Summary of the Invention The purpose of the present invention is to provide an improved dental drilling assembly that can be used to drill a hole in a patient's bone for attachment of a dental implant, as well as methods of making and using the assembly. .

  An advantage of this device is that it can overcome at least one of the problems of the prior art devices described above.

  A first aspect of the present invention provides a dental drilling assembly comprising a drill and a bushing that is mounted or mountable coaxially with the drill. By attaching or making the bushing to the drill, the bushing can be inserted into the borehole of the surgical template with the drill, and similarly the bushing can be removed from the borehole when drilled. This avoids the need to remove the surgical template from the patient's mouth after a piercing operation to remove the bushing from the template. The bushing can be permanently attached to the drill, or the bushing can be attachable to the drill so that it can be removed, such as by a bayonet-type or screw-type fastener.

  Preferably, the bushing has at least one cutting surface for cutting soft tissue. The cutting surface may comprise a bushing serrated front edge, knife edge or other suitable form. This has the advantage of avoiding the need to use a separate tissue cutting tool. Typically, such tools may require the surgical template to be removed from the patient's mouth.

  Preferably, a path is defined between the drill and the bushing and serves to remove soft tissue from the cut surface in use. This ensures that soft tissue is removed from the cut site and helps prevent contamination of the implant site.

  The dental drilling assembly is used in conjunction with a surgical template having at least one borehole that represents the location where the use of the drill is required, the borehole having a diameter that accommodates the drill and bushing. If the bore hole is surrounded by a bore tube, the bore tube has a diameter to accommodate the drill and bushing. Preferably, the diameter of the bore hole or bore tube is only slightly larger than the bushing so that the bushing is received in a sliding fit. This helps to ensure that the drill is accurately positioned at the required drilling location.

  Embodiments of the present invention will now be described by way of example only with reference to the accompanying drawings.

DESCRIPTION OF PREFERRED EMBODIMENTS The invention will be described with respect to particular embodiments and with reference to certain drawings but the invention is not limited thereto but only by the claims of the utility model registration. The drawings described are only schematic and are non-limiting. In the drawings, the size of some of the elements may be exaggerated and not drawn on scale for illustrative purposes. Where the term “comprising” is used in this description and in the claims for utility model registration, this term does not exclude other elements or steps. Furthermore, terms such as “first”, “second”, “third”, etc. in the description and claims for utility model registration are used to distinguish similar elements and are not necessarily a series or It is not used to describe the chronological order. The terms so used are interchangeable under appropriate circumstances, and the embodiments of the invention described herein operate in other orders than those described or shown herein. It should be understood that this is possible.

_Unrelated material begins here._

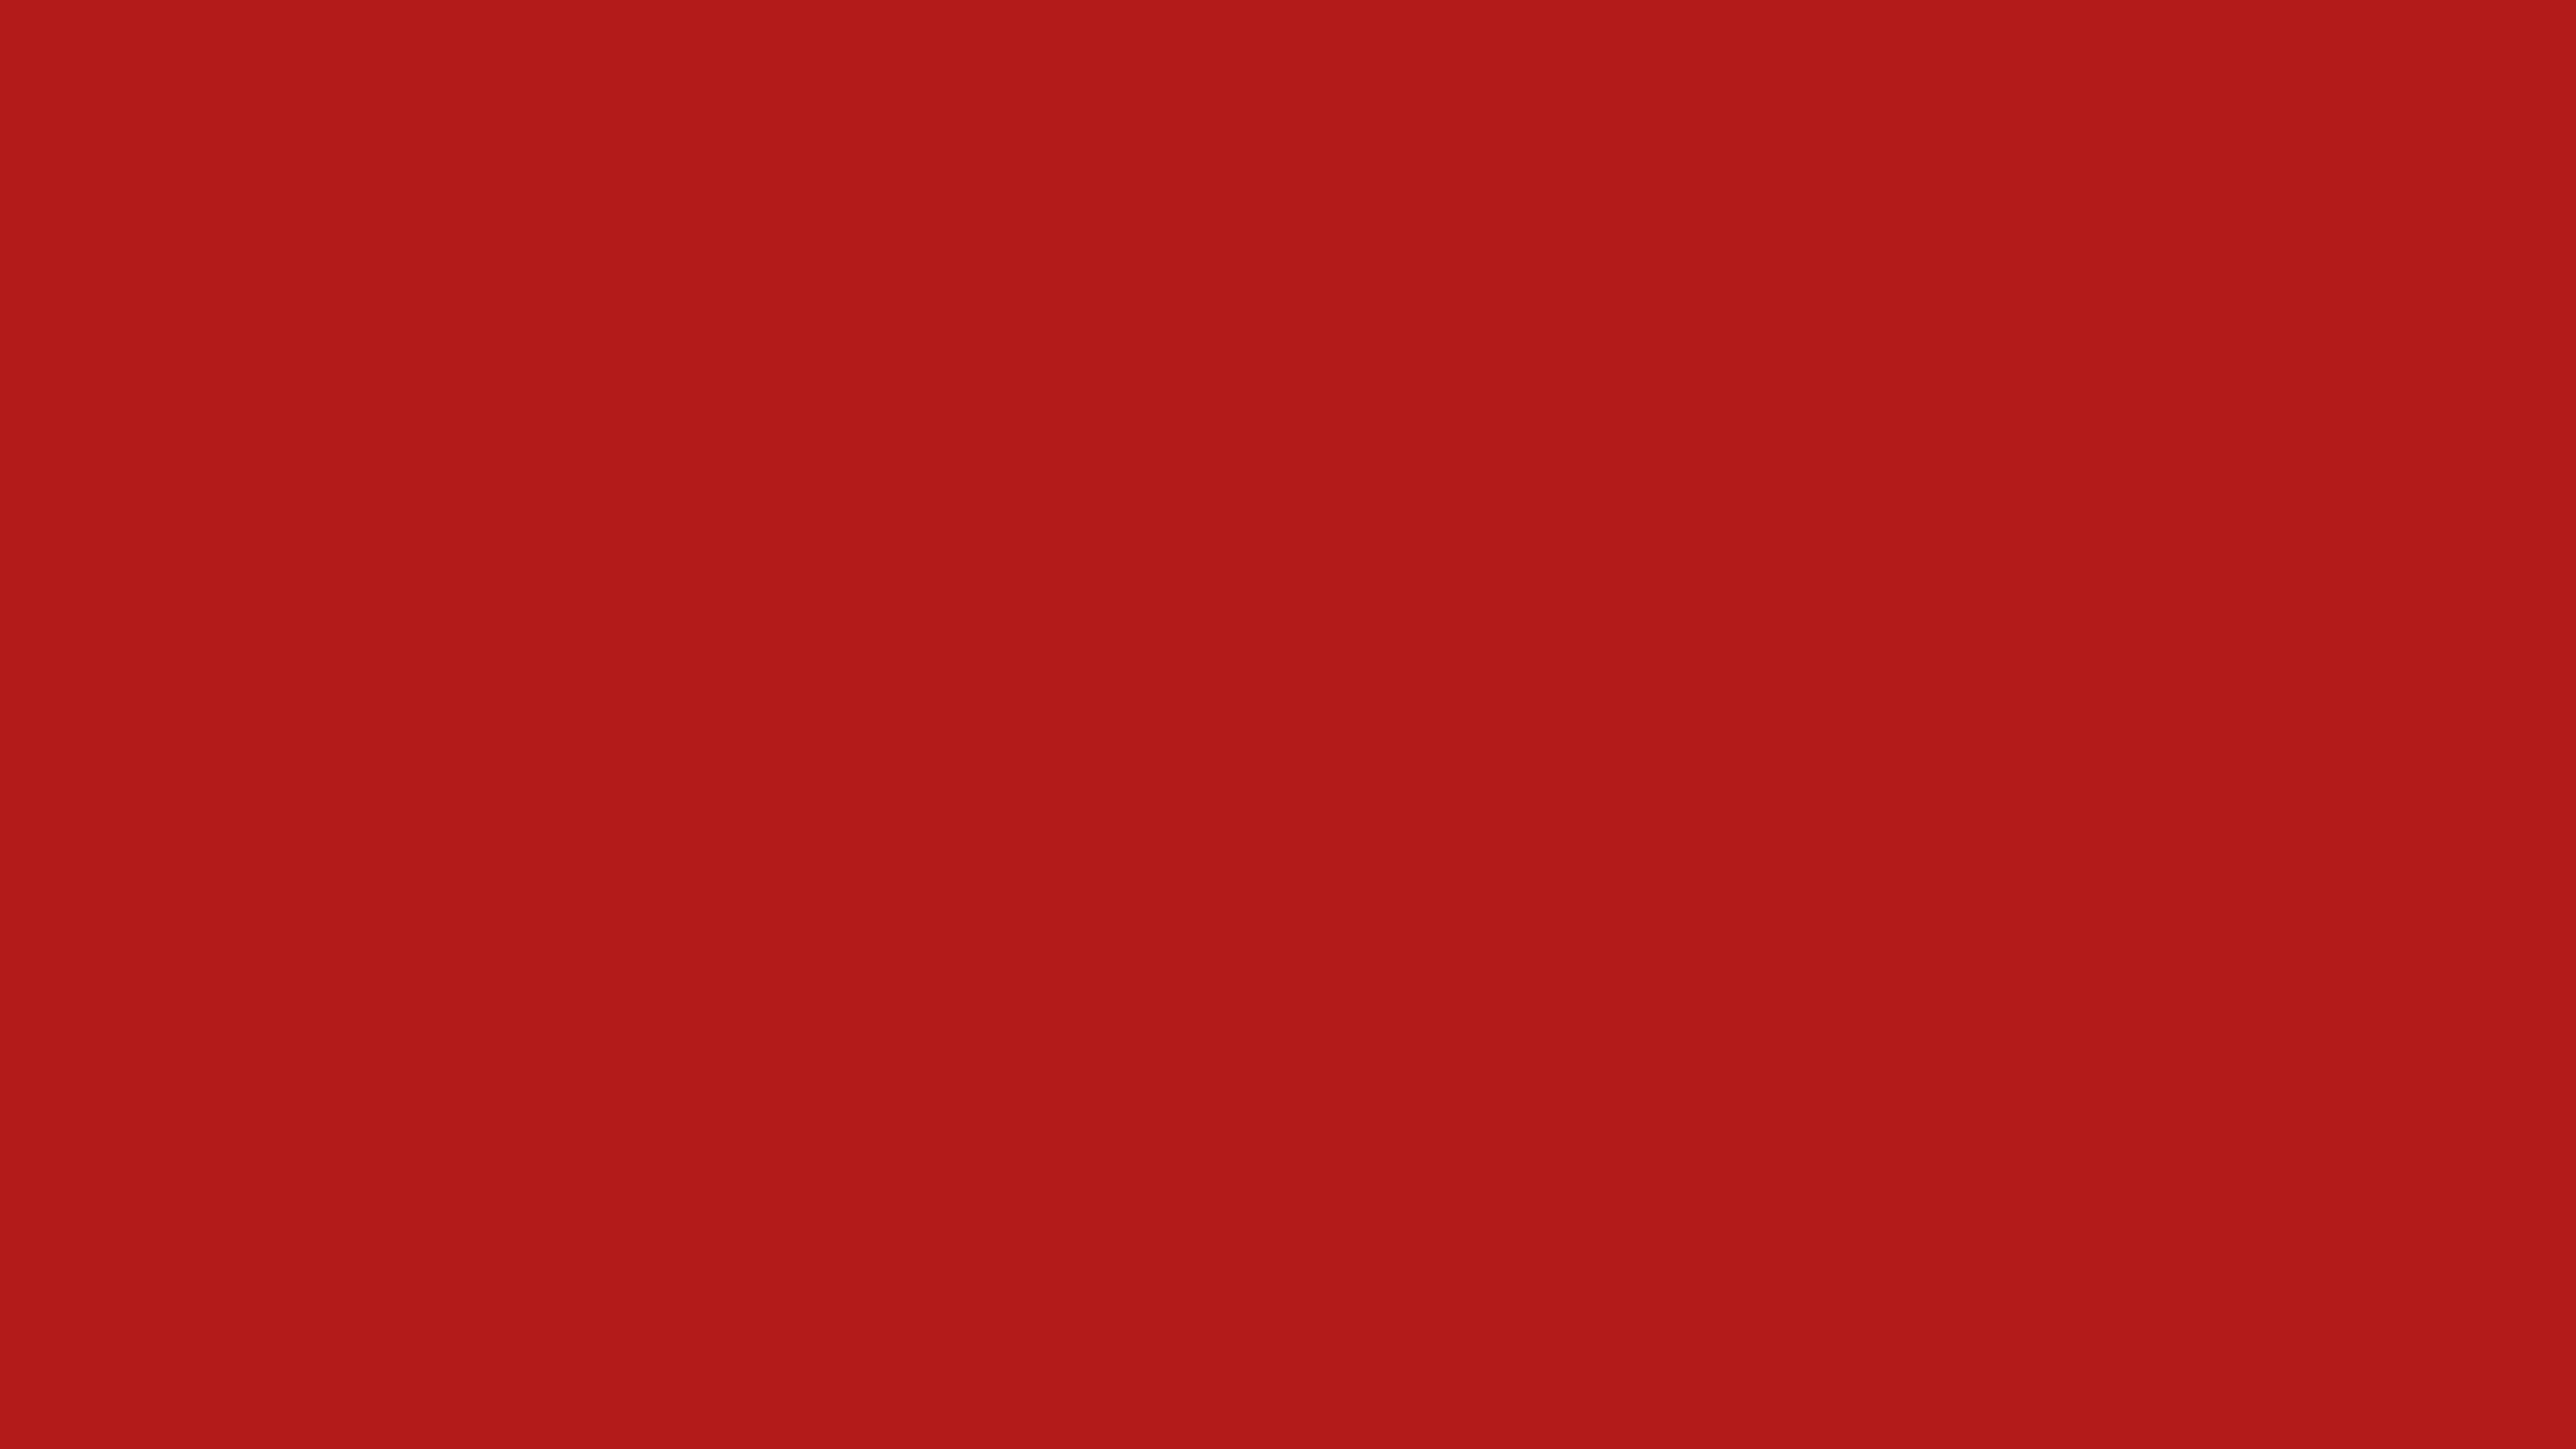 7680x4320 Cornell Red Solid Color Background

  Before describing the drilling assembly in detail, the initial steps of the implant process and the equipment used in the process will be described. The purpose of this process is to create a dental superstructure that will be mounted on an implant that is secured to the patient's jawbone. The superstructure supports the artificial teeth. With the intention of creating the superstructure, a future dental diagnostic setup is first created. This is usually accomplished with an articulator, ie a device that can position two tooth molds or plaster models / molds in the right association with each other and allow realistic simulation of jaw movement. . A diagnostic setup is made on the remaining tooth or gum plaster model that indicates the future position of the tooth. The same test scheme is also copied in radiopaque material to make the scanning prosthesis 1 shown in FIG. 1, the purpose of which will become clear from the following description. According to a variant of this method, instead of realizing this diagnostic setup in a mechanical articulator, this test mechanism can also be created virtually on a computer by a so-called virtual articulator that can simulate the movement of the upper jaw relative to the lower jaw . In this case, the patient's jaw or its mold is scanned, for example with a laser scanner. The two scanned jaws are positioned relative to each other by aligning the surface of each tooth with each other or by scanning one of the jaws having a moldable glue thereon, so that The surface of one jaw corresponds exactly to the other jaw.

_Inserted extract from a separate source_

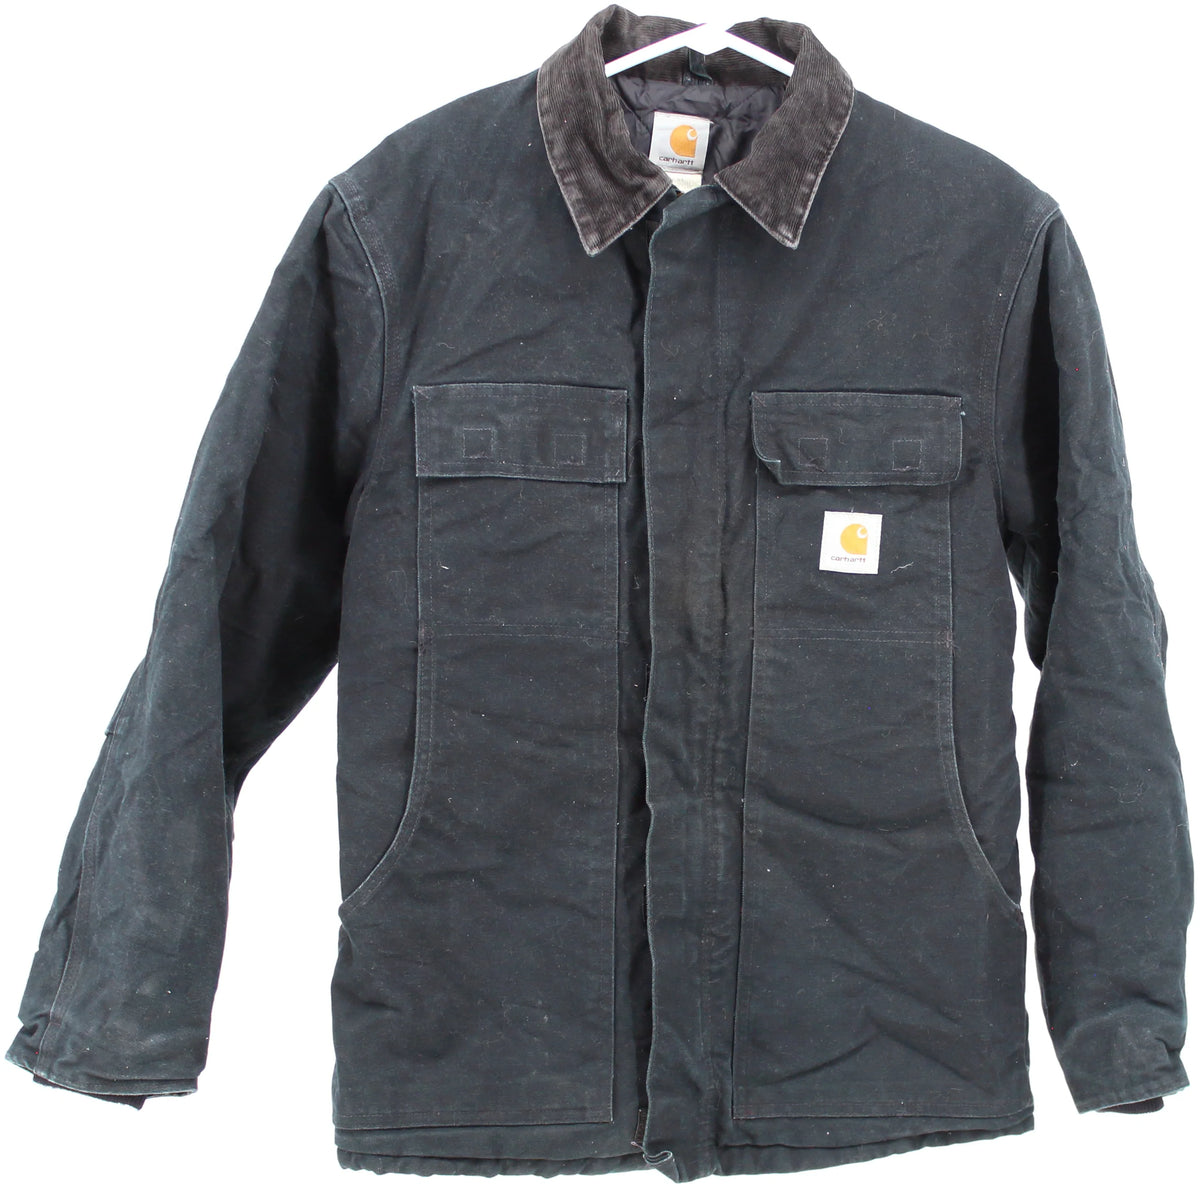 Carhartt Black Quilt Lined Jacket and Corduroy Collar

  The teeth can then be selected from a digital library and can be positioned where the teeth are missing. After this preliminary phase, preferably as a first step of the actual method, computer planning is made taking into account the placement of the implant. This is done, for example, by first scanning the patient with a computed tomography scanner (CT scanner) and by simulating the implant on the CT scan, as described in Belgian Patent No. 1.011.205. Can be made. It is useful to scan a patient having the so-called scanning prosthesis 1 shown in FIG. This is a copy of the diagnostic setup made by the patient's loose prosthesis or articulator. This scanning prosthesis 1 placed on the gums or mucous membrane 2 during scanning is made of a radiopaque material and can therefore be seen in a CT image, whereby the teeth 3 of this scanning prosthesis 1 are It has a different opacity from the base 4 supported on the gums or mucous membrane 2 that covers the patient's bone.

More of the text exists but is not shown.